# Bevway- Breeder in PA



## princessre

Just wondering if anyone had experience with Beverly Quilliam of Bevway in PA? She's in the AMA and apparently had produced many champions. But apparently she doesn't show much any more. I always wondered if anyone here had a Bevway pup? She's super warm and nice!


----------



## allheart

I have actually heard of the name...and through word of mouth, have heard wonderful things about her. I heard she loves her babies, is very knowledgeable about Maltese, will spend hours on the phone with you, before, during and after you adopt from her.

When I was researching, several other breeders referred me to Bevway, and spoke very highly of her.

But I have never met her, or been to her home, or have no direct experience with her, but I did want to share what I did hear, and it was all positive.


----------



## CloudClan

QUOTE (princessre @ Mar 2 2009, 08:55 AM) index.php?act=findpost&pid=737213


> Just wondering if anyone had experience with Beverly Quilliam of Bevway in PA? She's in the AMA and apparently had produced many champions. But apparently she doesn't show much any more. I always wondered if anyone here had a Bevway pup? She's super warm and nice![/B]
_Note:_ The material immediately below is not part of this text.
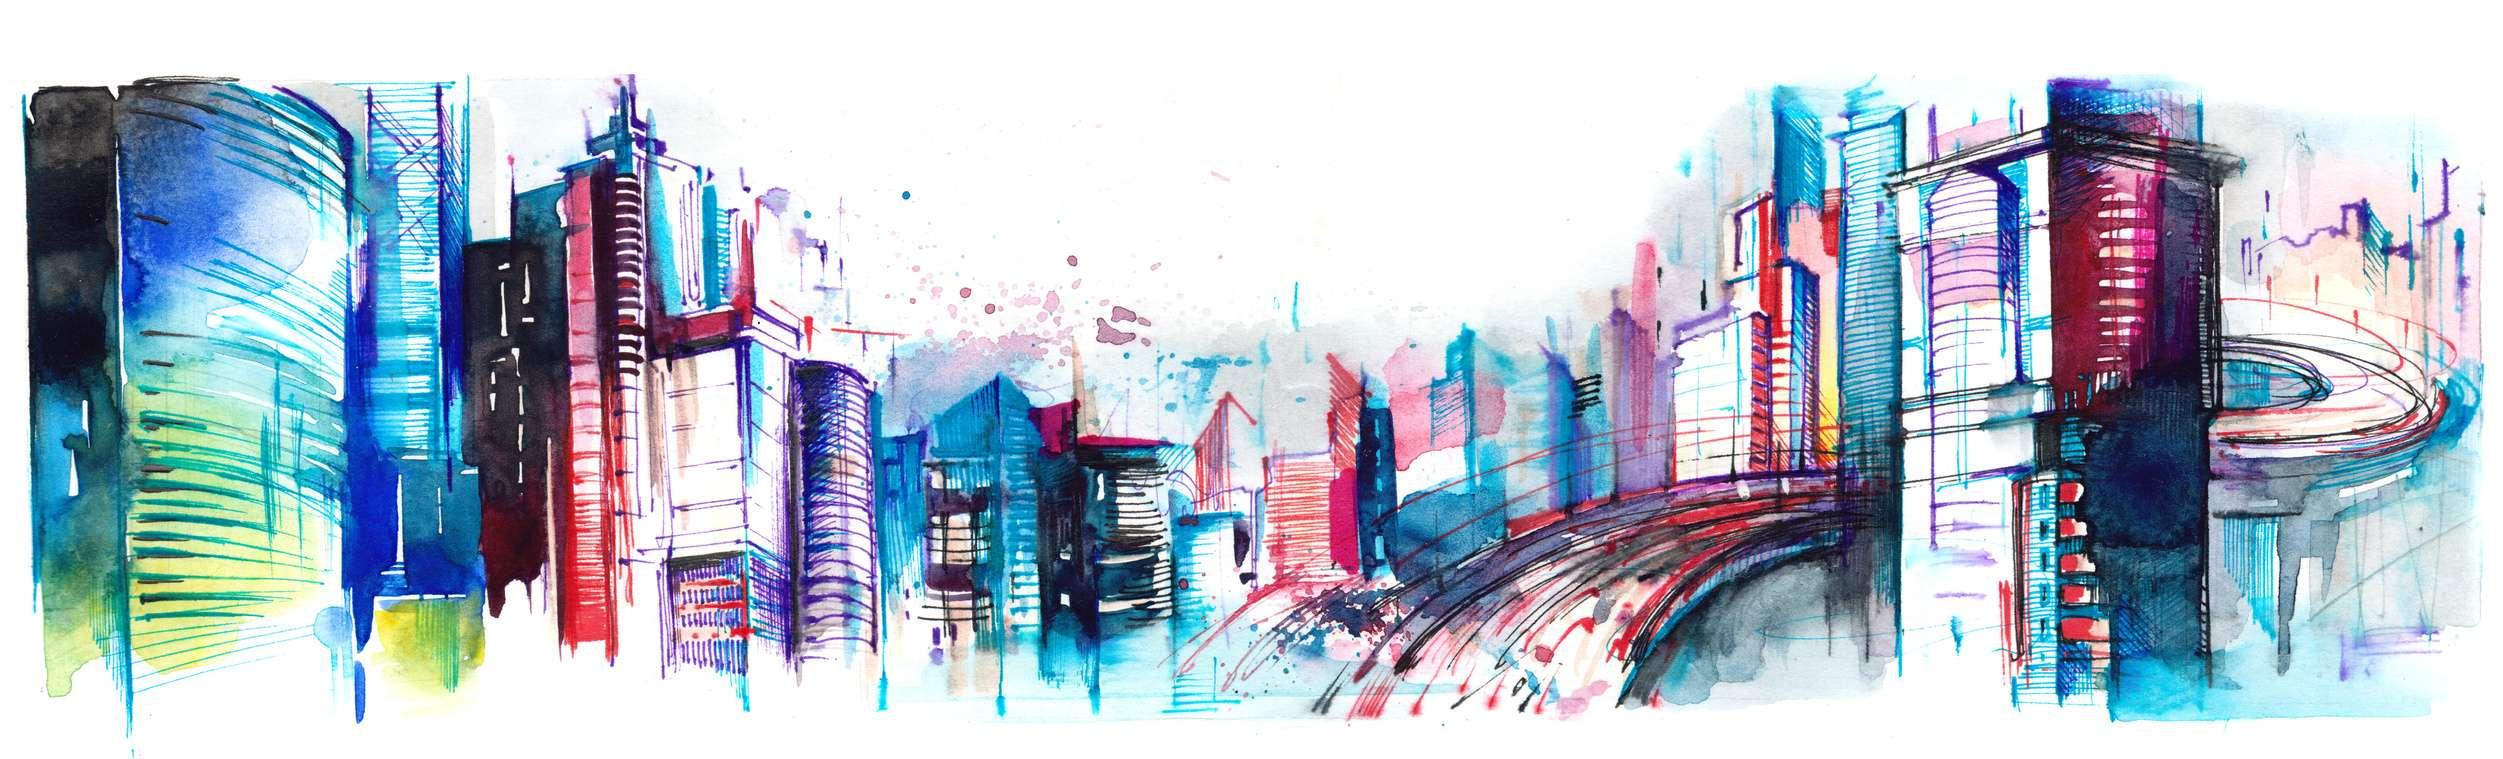 panorama of city
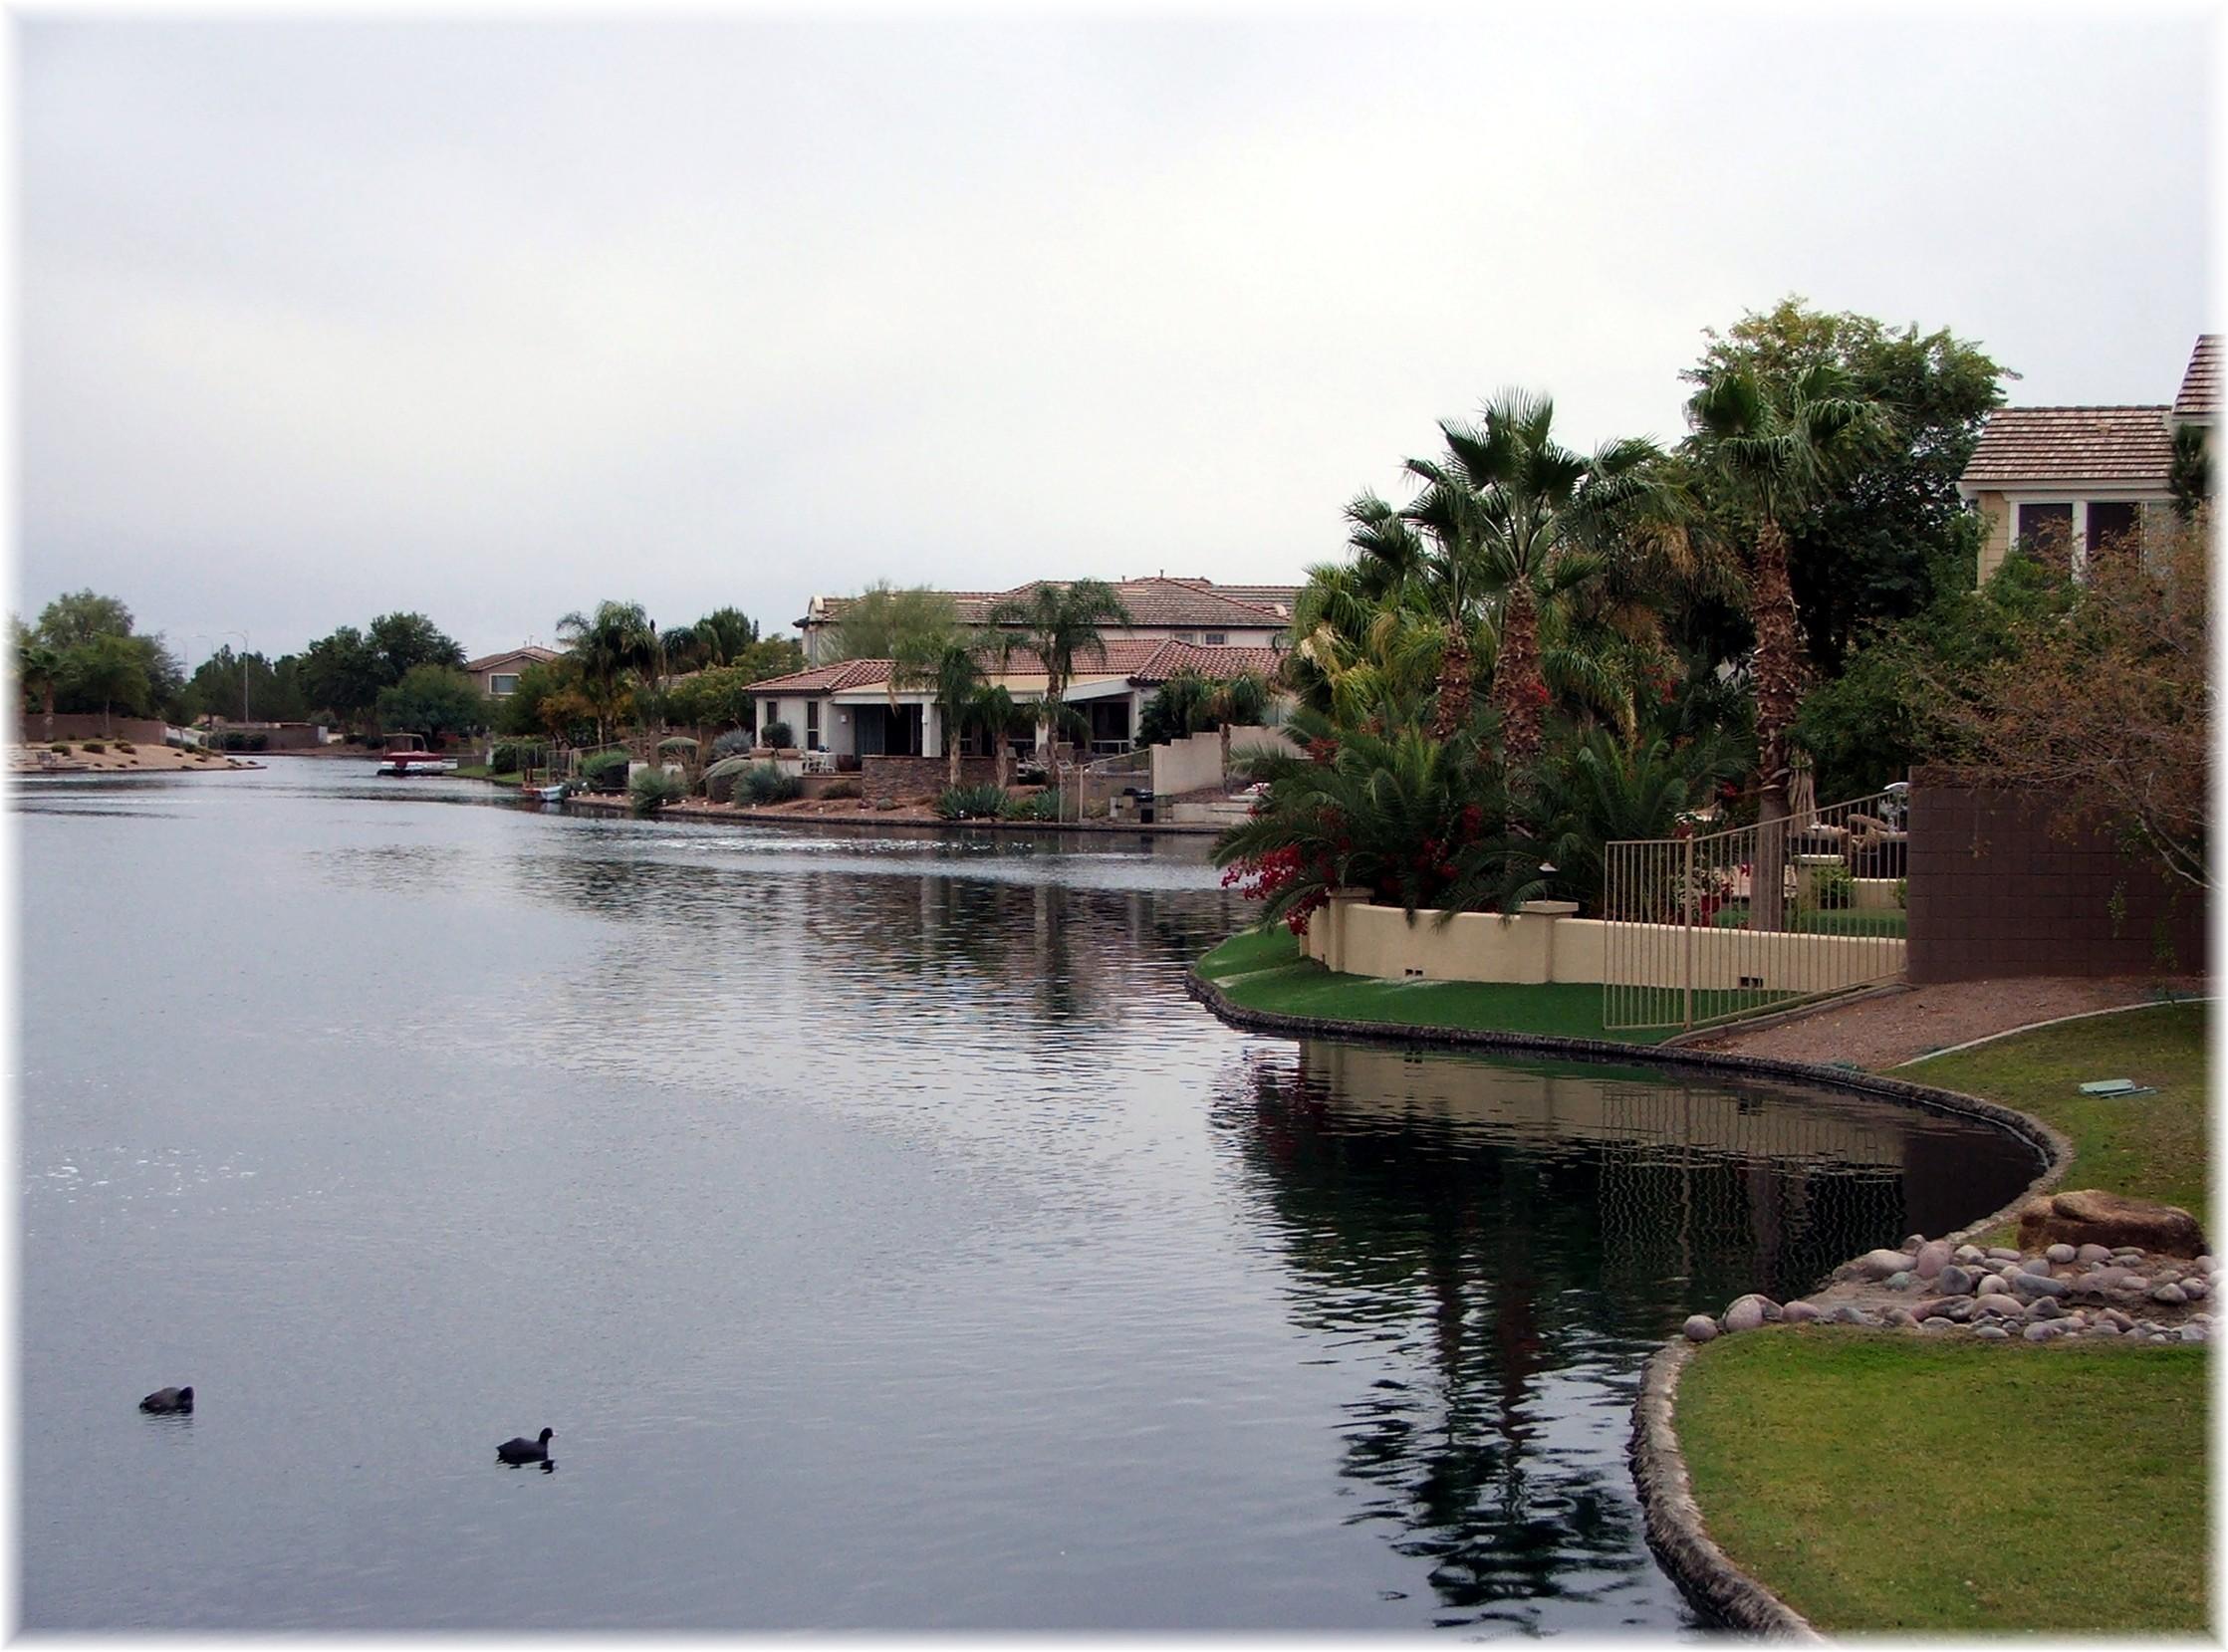 pinelake estates waterfront homes in chandler az phoenix arizona

I don't know that she shows any more herself, but her pups are shown. I have the catalogue from the AMA specialty and her dogs are pictured in there handled by Luke and Dianne (famous for their top winning Shih Tzu). The look lovely in the pictures.


----------



## princessre

I was always very curious that no one here talks about her...She told me she offers a 2-year liver shunt / congential guarantee, which seemed longer than most. But I also heard only fabulous things about her from other breeders...


----------



## ilovemymaltese

I have heard of her name too. I think one our our SM members got a puppy from them. I think, if I remeber correctly, that "Reenie" got her Chloe Bijou from Beverly.


----------



## luvmyfurbaby

Never heard of her but wanted to let you know again how adorable Casanova is! :wub: :wub: :wub:


----------



## princessre

QUOTE (LuvMyFurbaby @ Mar 2 2009, 11:07 AM) index.php?act=findpost&pid=737258


> Never heard of her but wanted to let you know again how adorable Casanova is! :wub: :wub: :wub:[/B]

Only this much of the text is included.